COVESA / vehicle_signal_specification

Vehicle Signal Specification - standardized way to describe automotive data
Mozilla Public License 2.0
307 stars 157 forks source link

Enforce "style" for VSS standard catalog #700

Closed erikbosch closed 2 months ago

erikbosch commented 6 months ago

Now and then the topic on what identifiers that shall be allowed in VSS comes up. As of today we are quite flexible in documentation, we sort of say that as long as it is valid Yaml we support it. This makes however tooling more complex if it is to handle identifiers with odd characters or allowed/default values containing blanks. We do state recommendations in some places like for allowed values and node names and we have some support in vss-tools to give warnings or even fail if using strict mode.

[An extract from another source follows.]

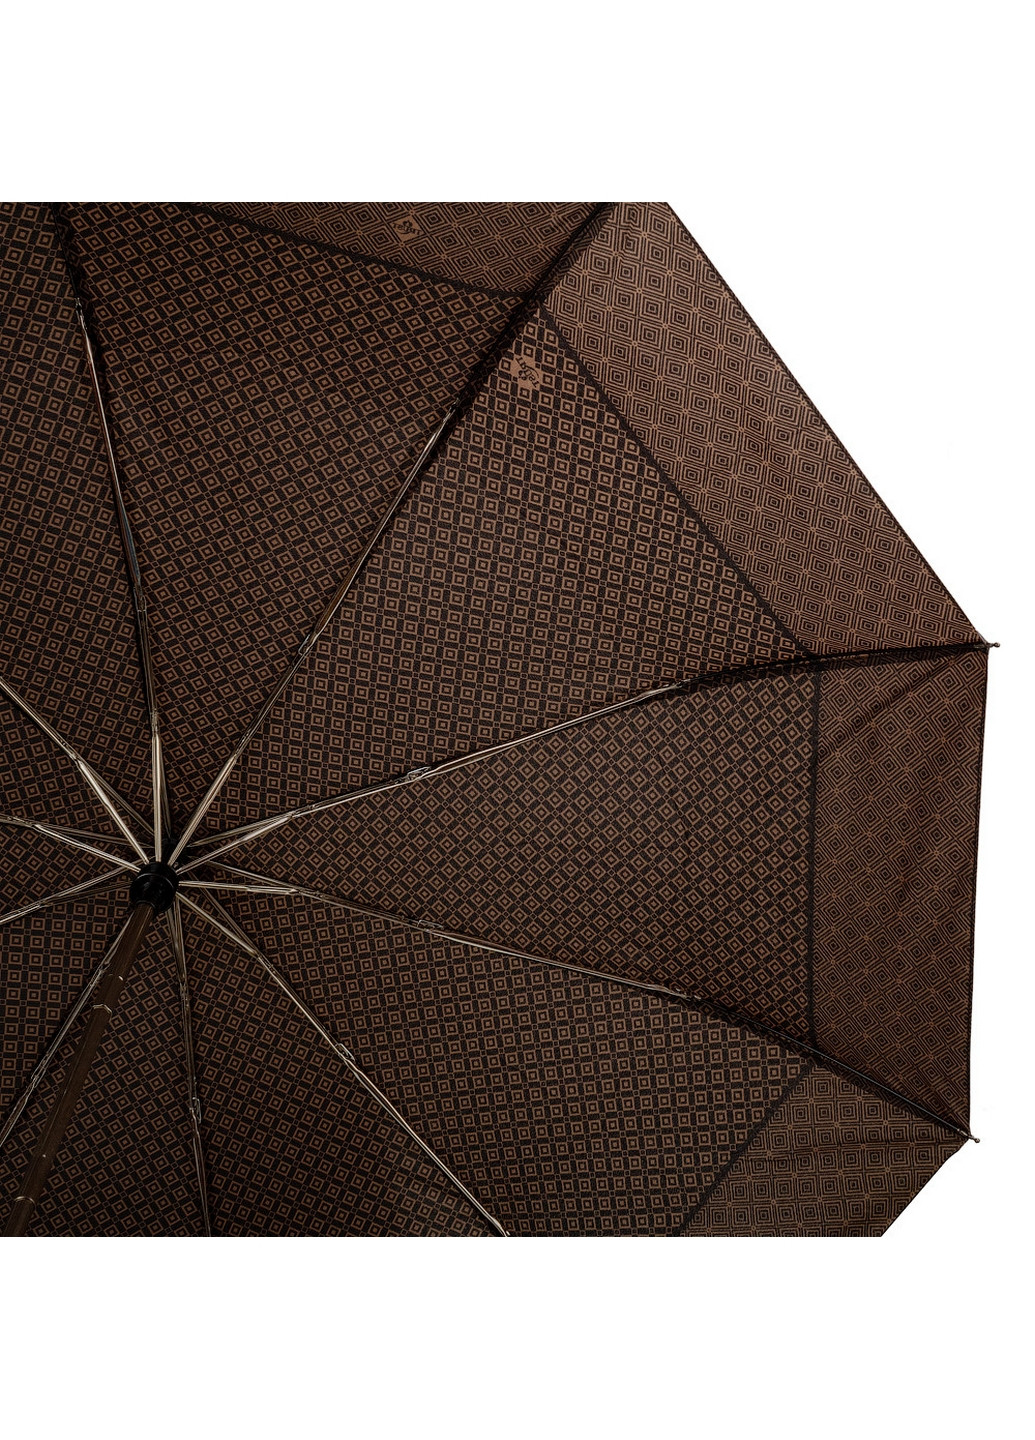 Складной мужской зонт автомат 107 см Trust (260285406)

But we do not enforce strict mode as a criteria for standard catalog, so as of today we have signals like this that does not follow the style guide (Values like "01" are not recommended):

PidsA:
  datatype: string[]
  type: attribute
  allowed: ["01","02","03","04","05","06","07","08","09","0A","0B","0C","0D","0E","0F","10","11","12","13","14","15","16","17","18","19","1A","1B","1C","1D","1E","1F","20"]
  description: PID 00 - Array of the supported PIDs 01 to 20 in Hexadecimal.

Some ideas:

Example:

A signal name Vehicle.Räksmörgås is valid in VSS as it is a valid Yaml name. VSS-tools generic functionality shall support it. But we should not accept it in standard catalog as it does not follow the rules for the standard catalog. Exporters/Generators does not need to support Vehicle.Räksmörgås, but if so they should give an error.

But if we are to change like this we need to change the PId signals as well, but they may anyway be removed by #635

ppb2020 commented 5 months ago

In my mind, the PidsA approach isn't bad and should be allowed. My reasoning is that the signal is defined to be in the form of a string with restricted values. "01" seems quite reasonable if we view it as a string that can contain any IA5/ASCII (and perhaps UTF-8) characters. Otherwise, our validation tooling would have to start looking into allowed string and impose rules such as "cannot start with a '0'"...

I agree with clarifying what we allow and in what situations. I like the RFC approach of using "shall", "may", etc. and describing what happens when, for example, "may" is used.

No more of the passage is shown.